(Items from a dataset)
((

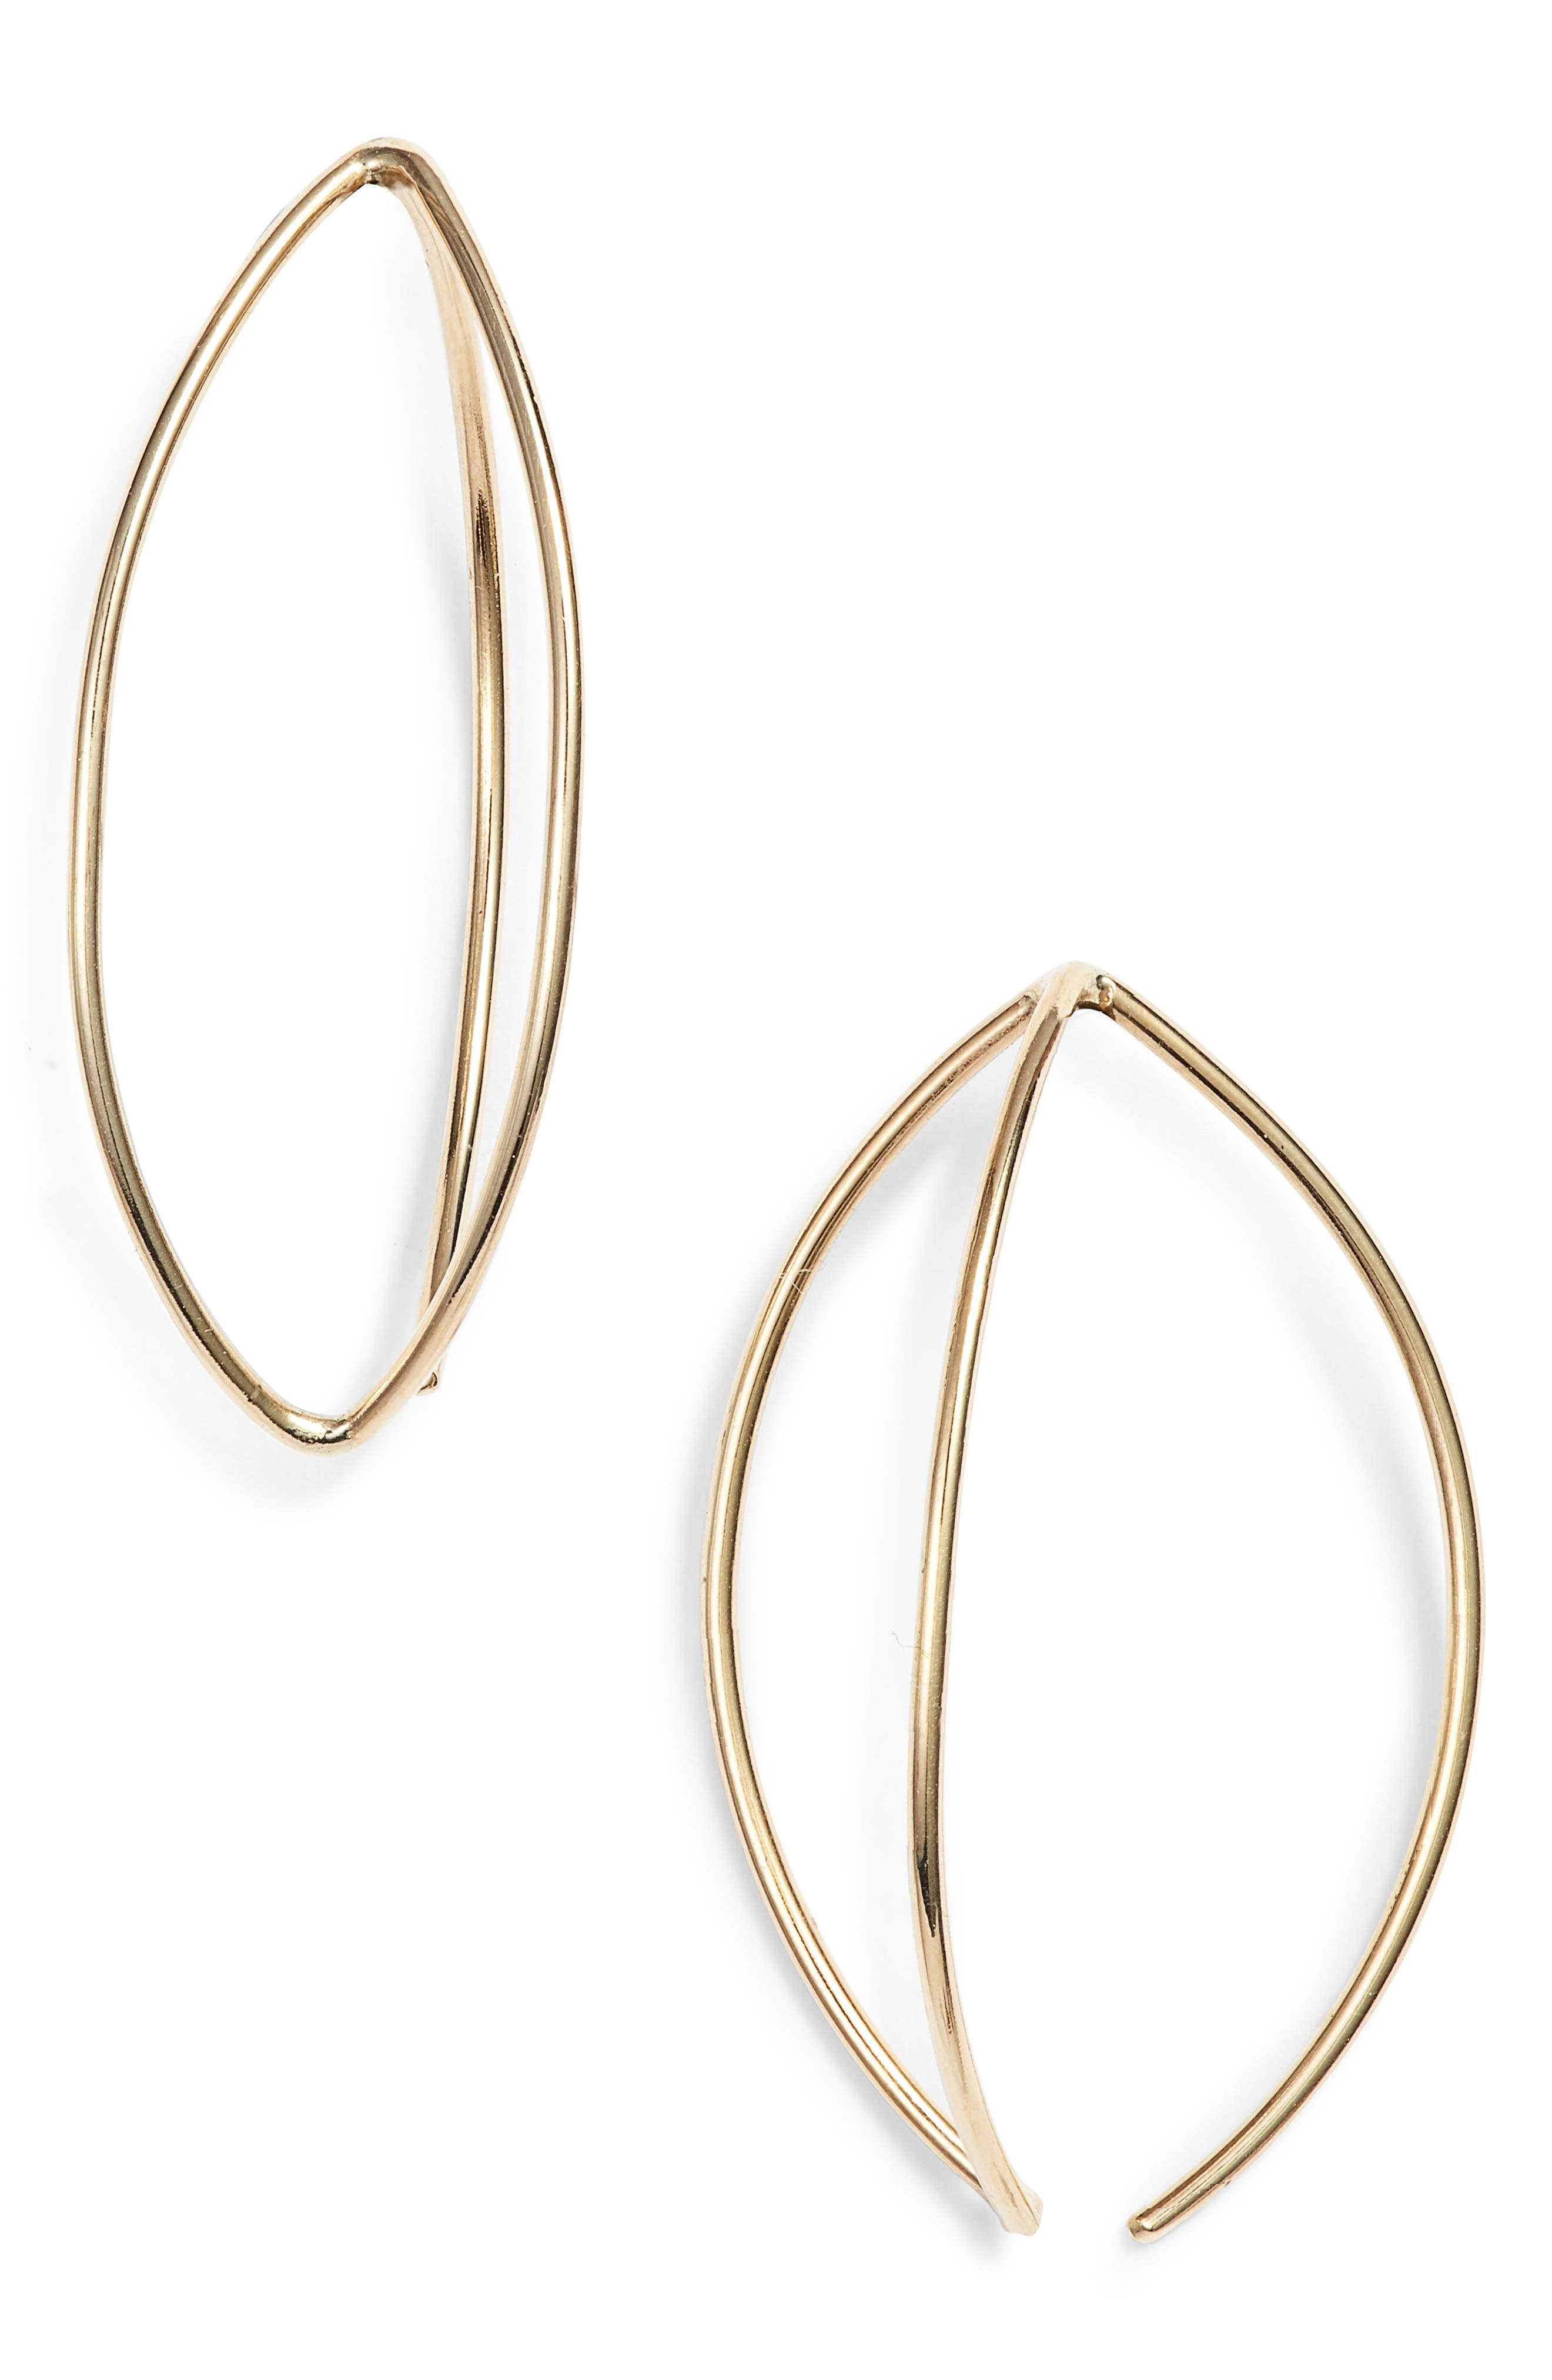 Oval Earrings,                             Main thumbnail 1, color,                             GOLD
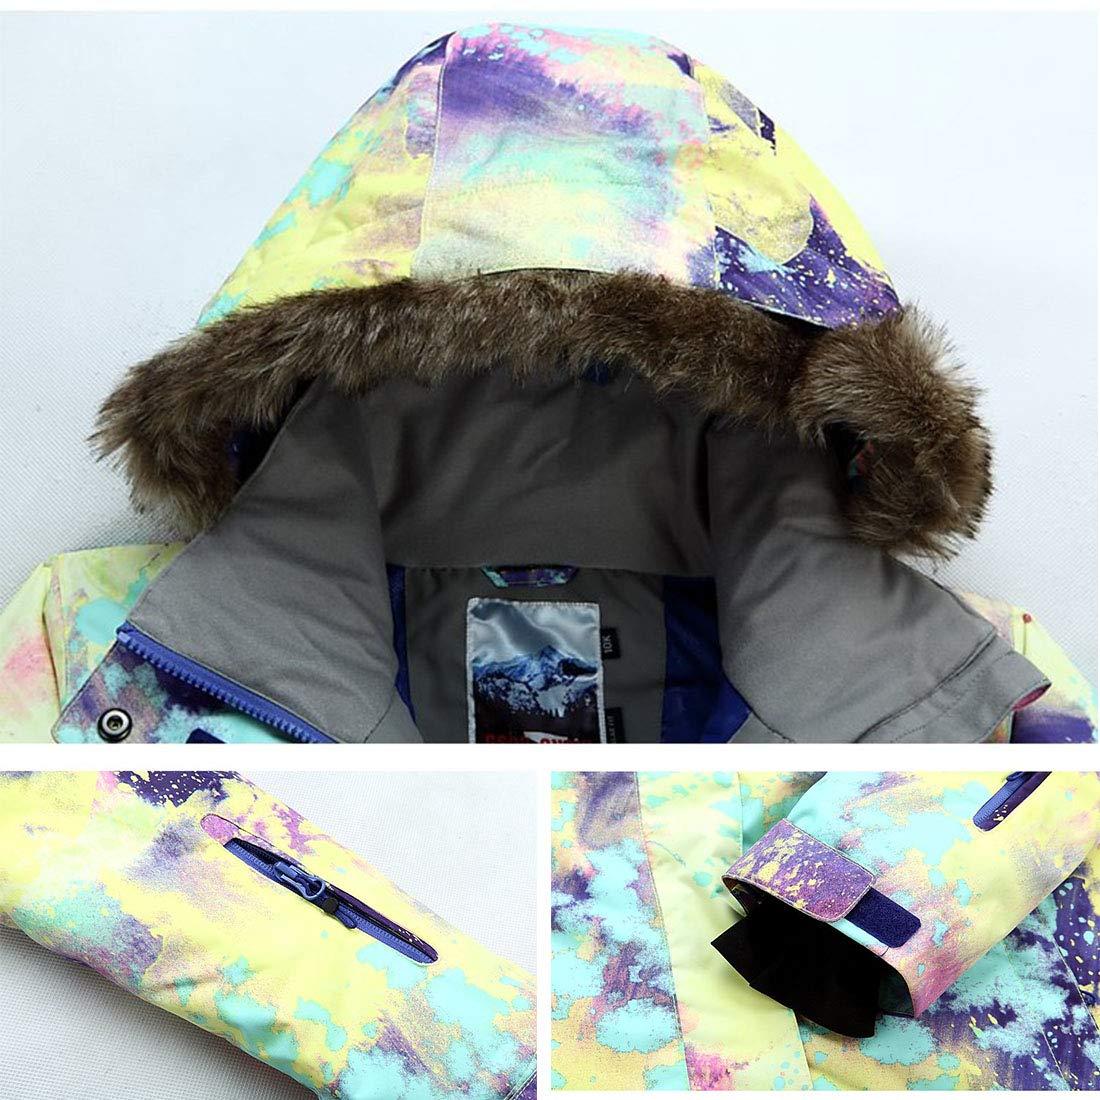 APTRO Womens High-Tech Fashion Ski Jacket Mountain Snowboard Rain Jacket
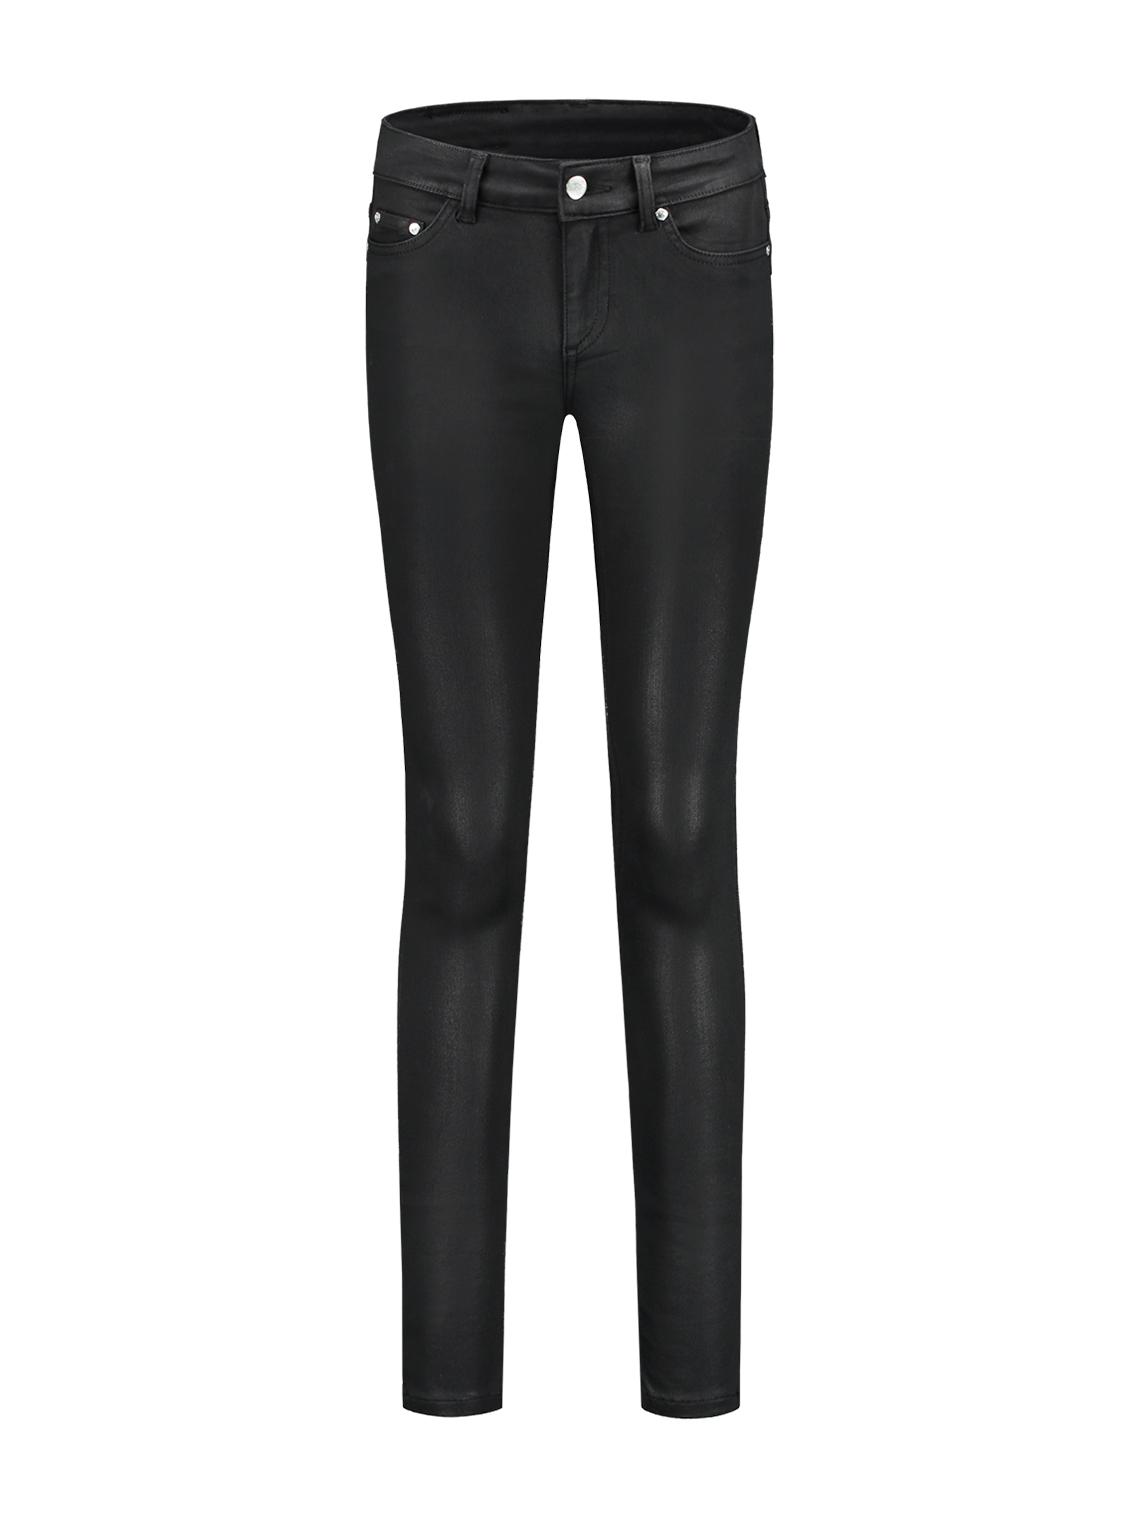 Zwarte coating dames broek Nikkie - N2-326 1705 8503
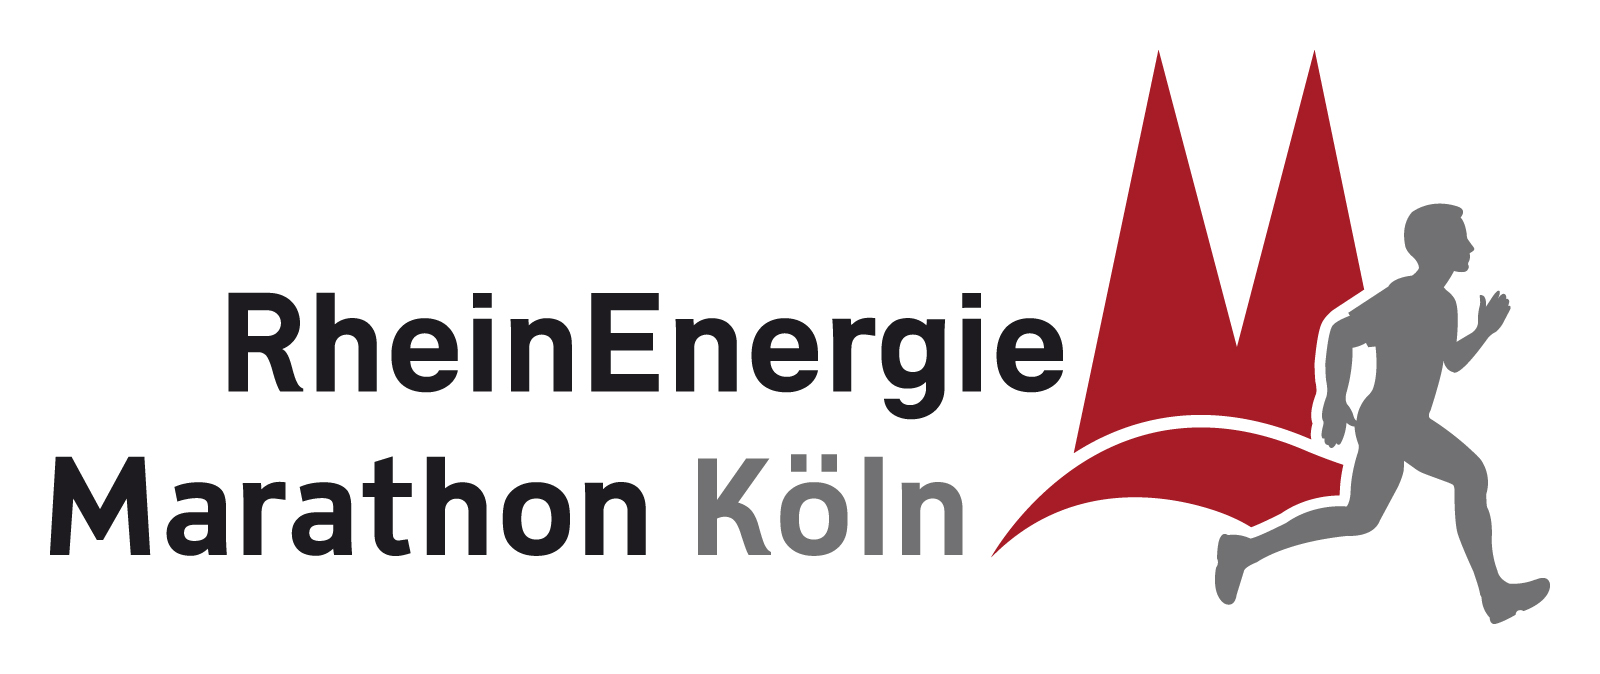 marathon2014_logo_full_vh10_RGB
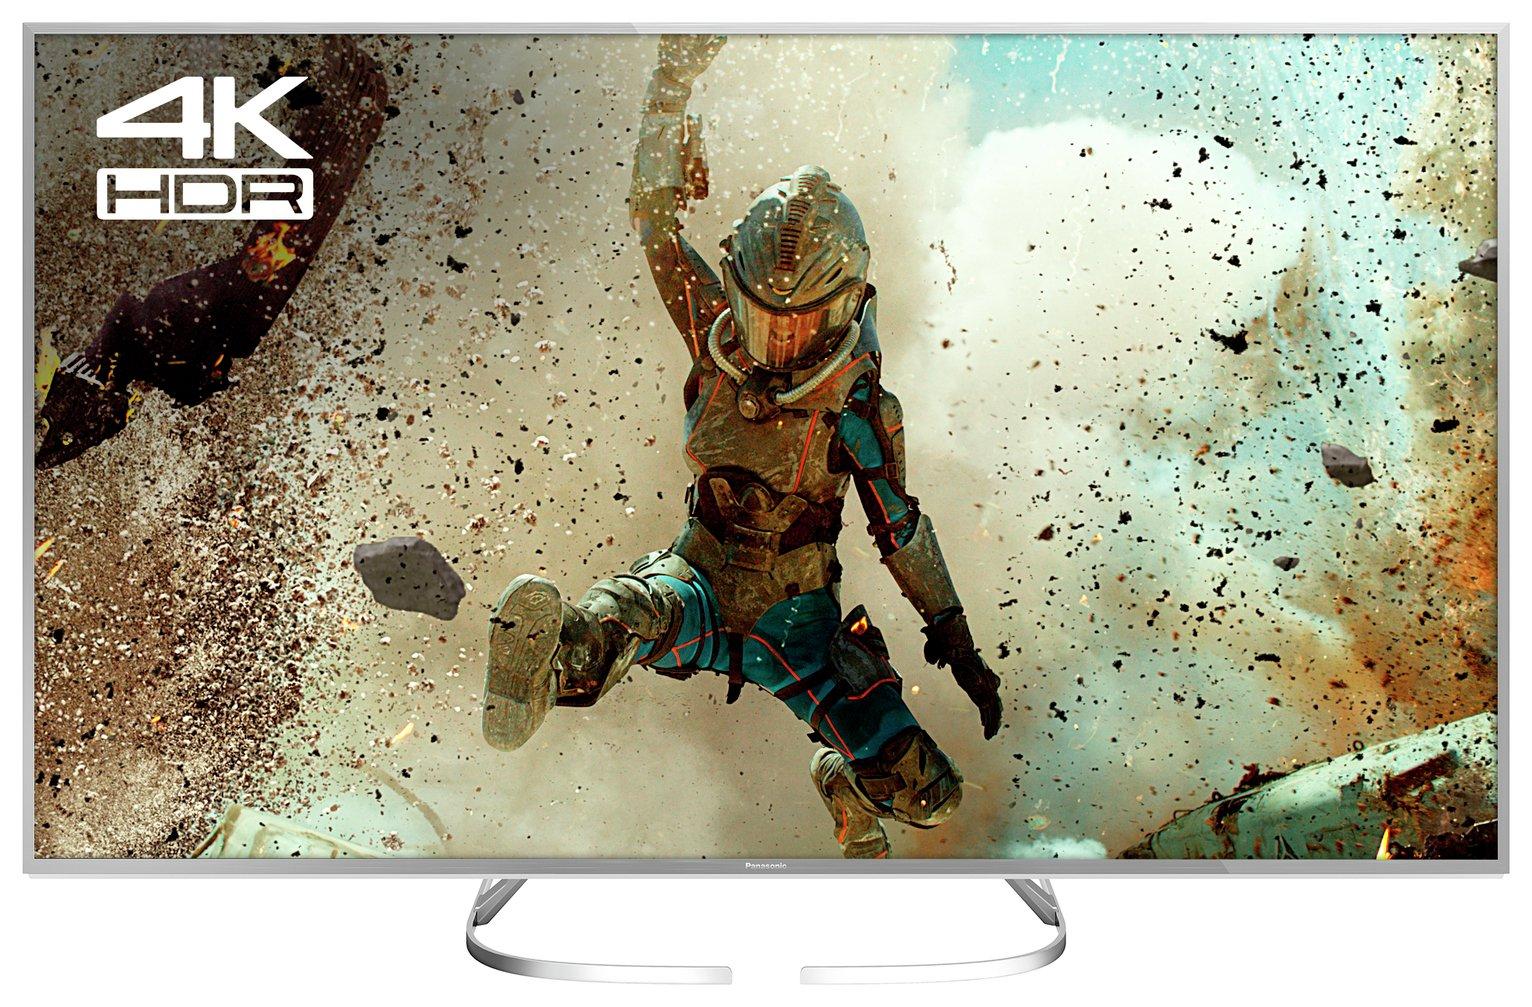 Panasonic 50TX-50EX700B 50 Inch Smart 4K UHD TV with HDR.

))

**What needs to be done:** The records must be restated word for word, apart from any images.

**Answer to this problem:**
 Oval Earrings,                             Main thumbnail 1, color,                             GOLD
 APTRO Womens High-Tech Fashion Ski Jacket Mountain Snowboard Rain Jacket
 Zwarte coating dames broek Nikkie - N2-326 1705 8503
 marathon2014_logo_full_vh10_RGB
 Panasonic 50TX-50EX700B 50 Inch Smart 4K UHD TV with HDR.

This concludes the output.